Yesterday I woke up with a heaviness on my heart. Which happens from time to time, especially to us hypersensitive types. πŸ˜‰

So to shake things up, I went to a Nia class at Urban Yoga.

Afterward, a woman approached me and asked if I was related to the Fernando Schaffenburg. Apparently she’d heard my name when I came in the studio and just had to confirm if I had any relation to the ex-ballet master at TCU. When I said that indeed we were related and he was my dad, a smile beamed across her face and she began recounting her memories of him from college.

Since my dad passed away and I moved back to my home town, I relish every time I come in contact with someone who knew him because in that moment, he’s alive again. And between the sparkle in her eye and how elated she was to connect with me, I was moved to tears.

As the conversation went on, she began to weep as well, revealing that her husband had passed away just a year ago. And that today was a very special day because it marked the day they met 40 years ago outside of Colby Hall on TCU’s campus.

As she recounted their meeting and marriage, it sounded like a story book romance. And I began to weep for her.

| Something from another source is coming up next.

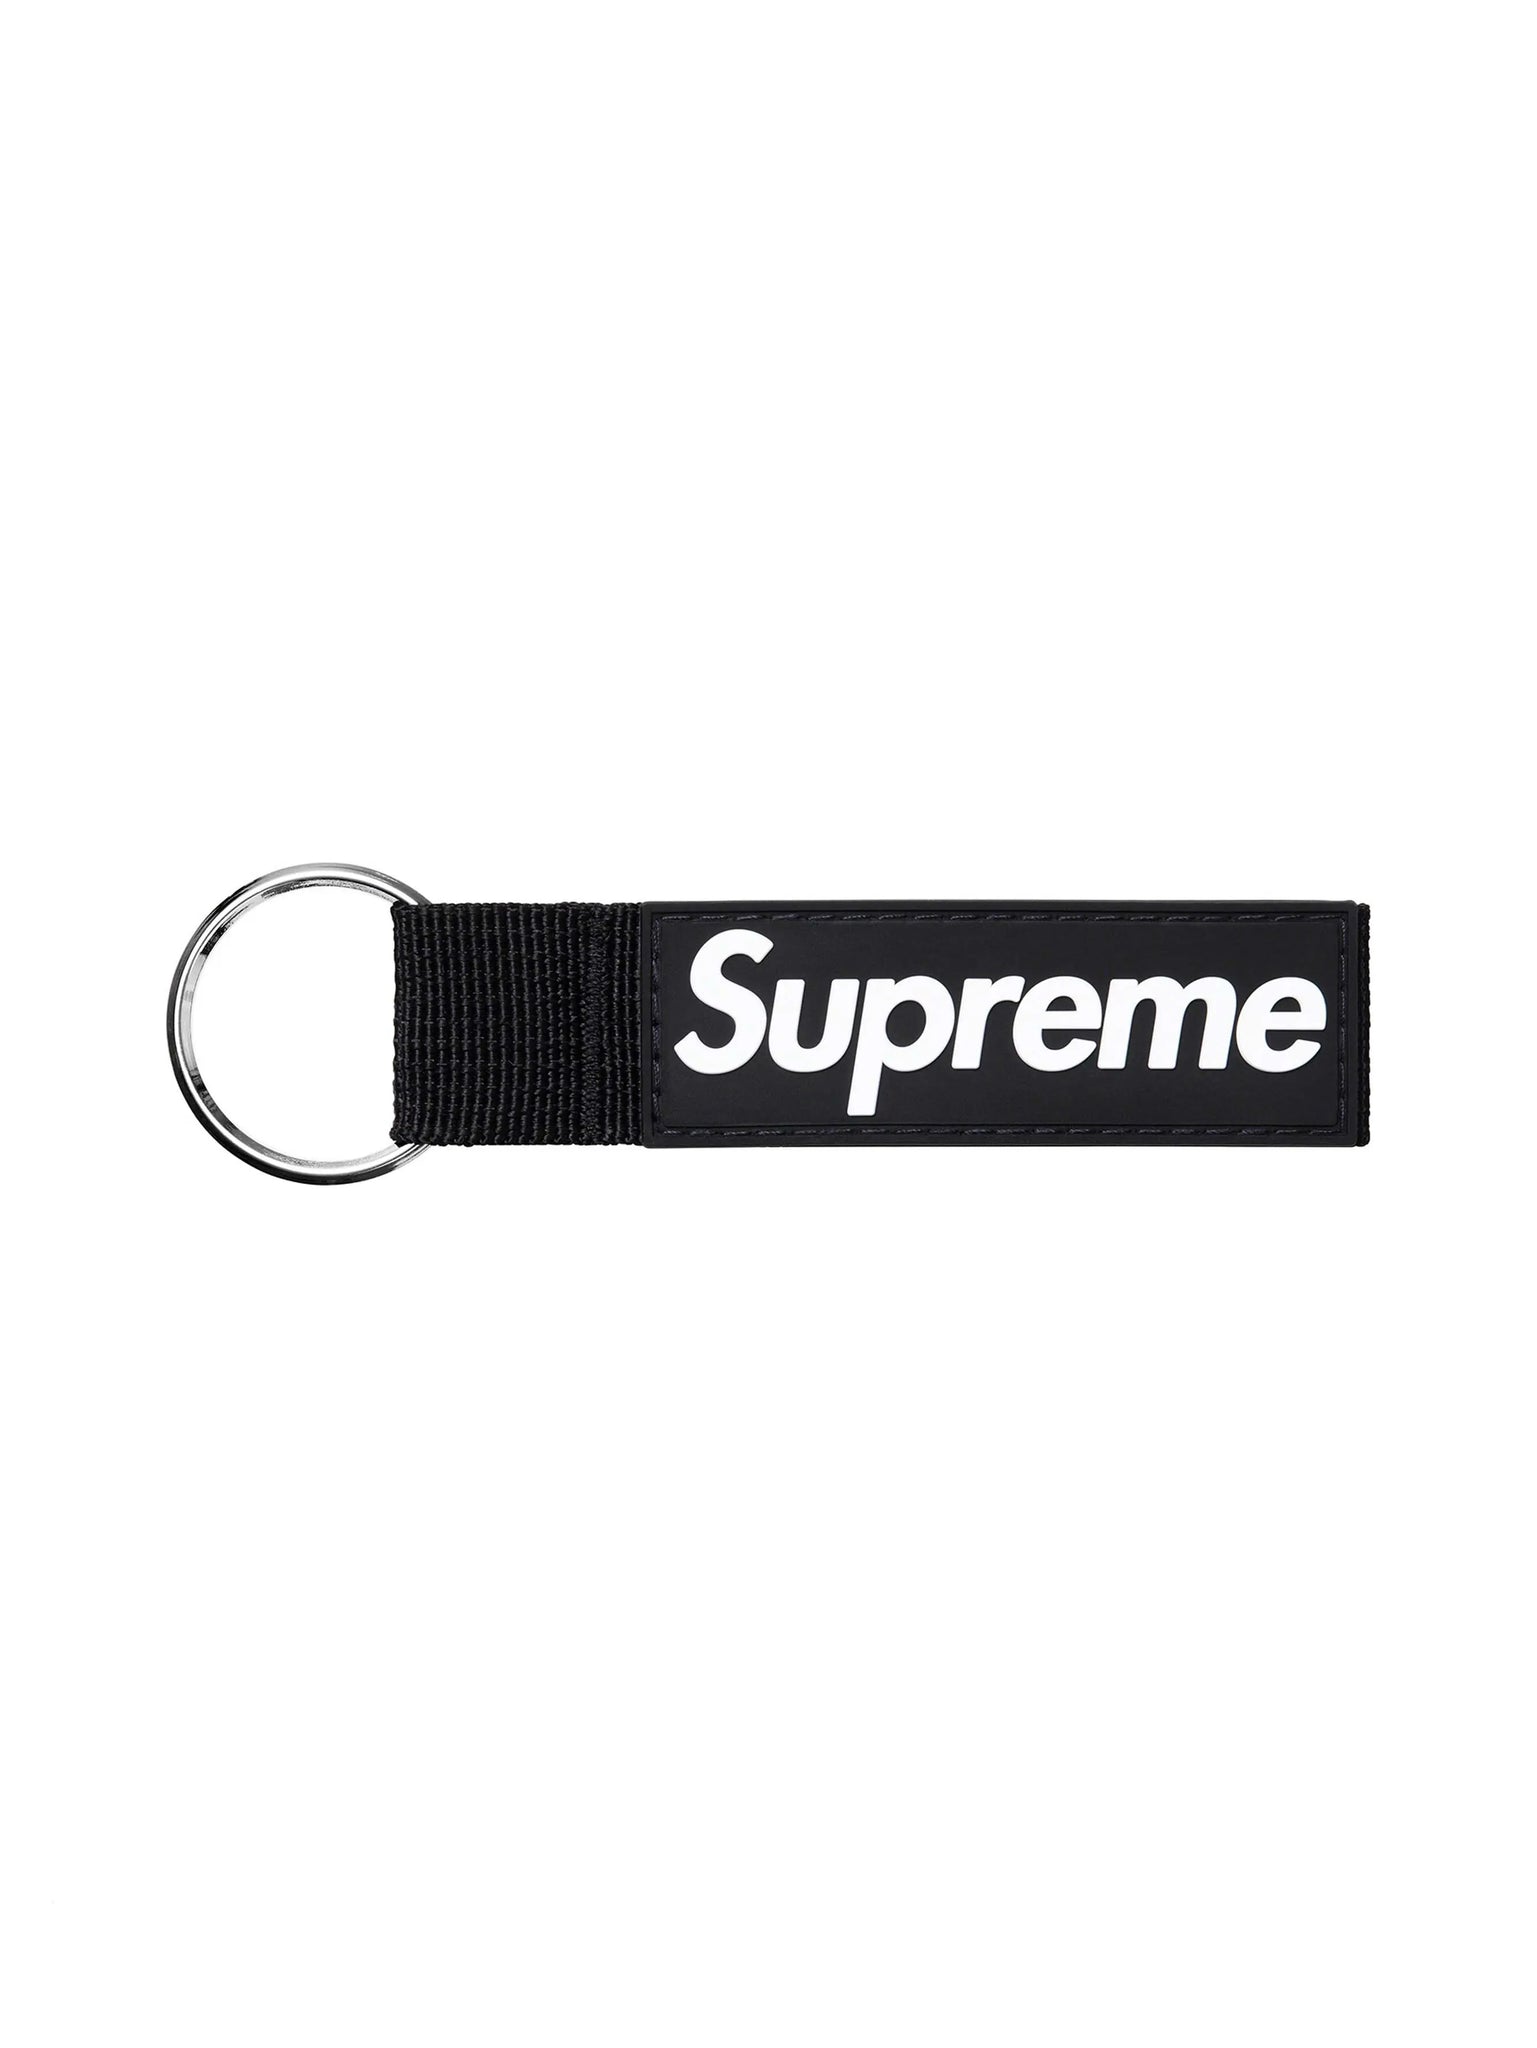 Supreme Webbing Keychain Black in Auckland, New Zealand - Shop name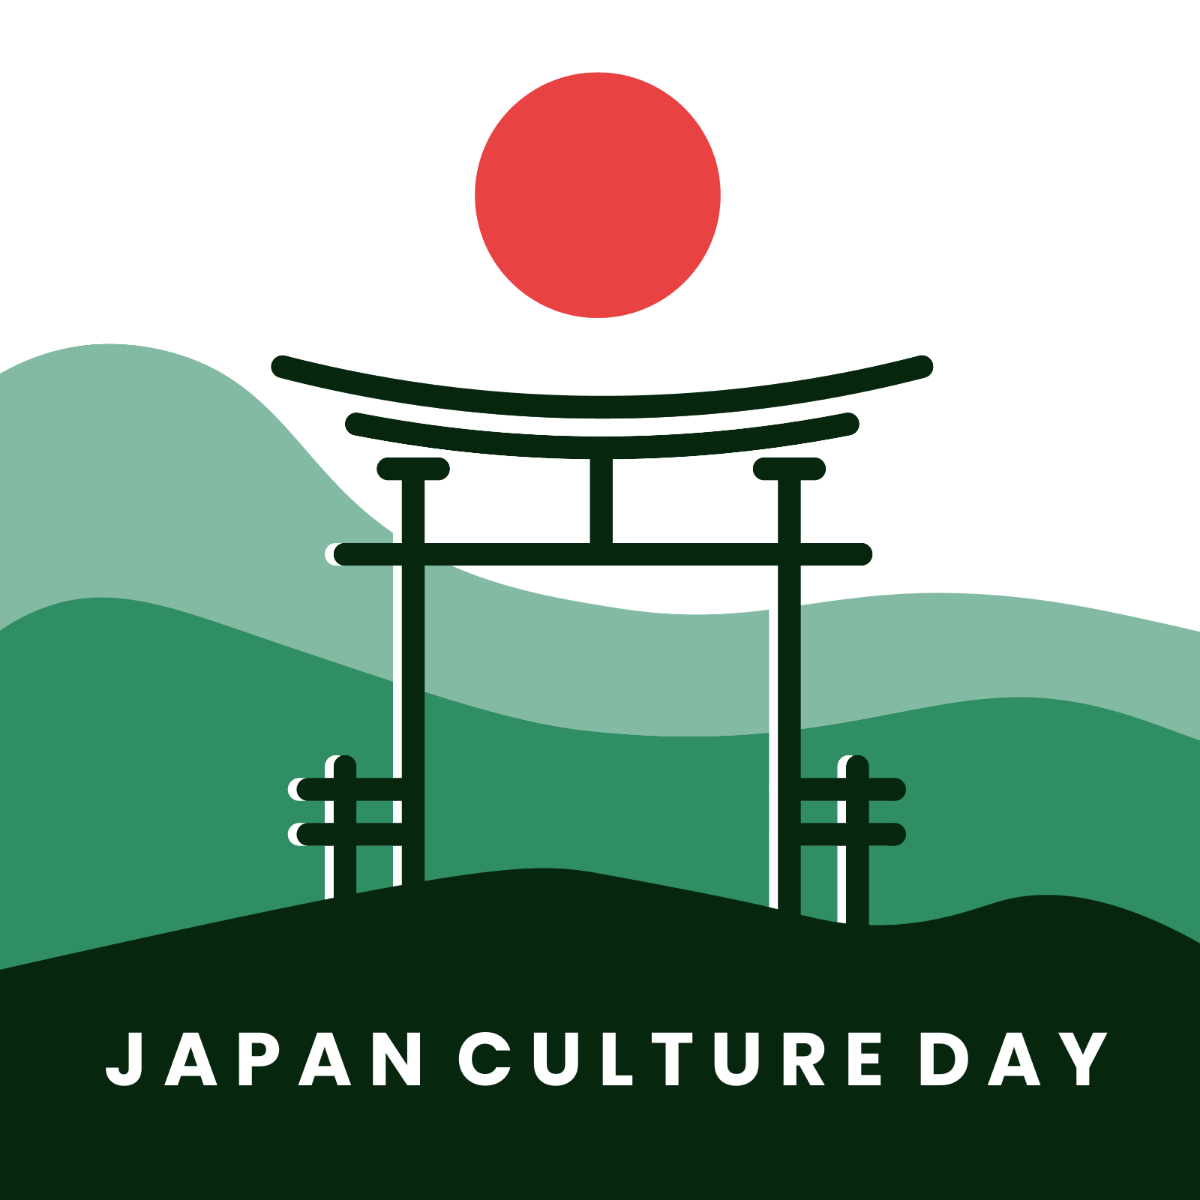 Japan Culture Day WhatsApp Post Template

So there we stood. Together. In communion. Having been complete strangers just moments before but now deeply connected through our loss.

Having witnessed our conversation, our Nia teacher leaned over and said, You were meant to meet. You needed each other today. And it was true.

I hadn’t been to Nia in over two months and instead of dashing off after class, I lingered. For no good reason at first, but now I know why. I wasn’t even aware that I needed to release any grief or that someone near me might need support through their process, but something greater than me knew better.

Life wants to give us what we need. But first we must be willing to open up and let it lead us where it wants to take us.

Being completely open and honest about our feelings can connect us to others in profound ways. And that connection is what heals us. Knowing we’re not alone. Allowing our sorrow to come forth. Acknowledging the past but remembering that life is right here, right now. And standing strong in the reality that we’re exactly where we’re meant to be.

So how about you? Ever had a chance encounter with a stranger that profoundly affected your life?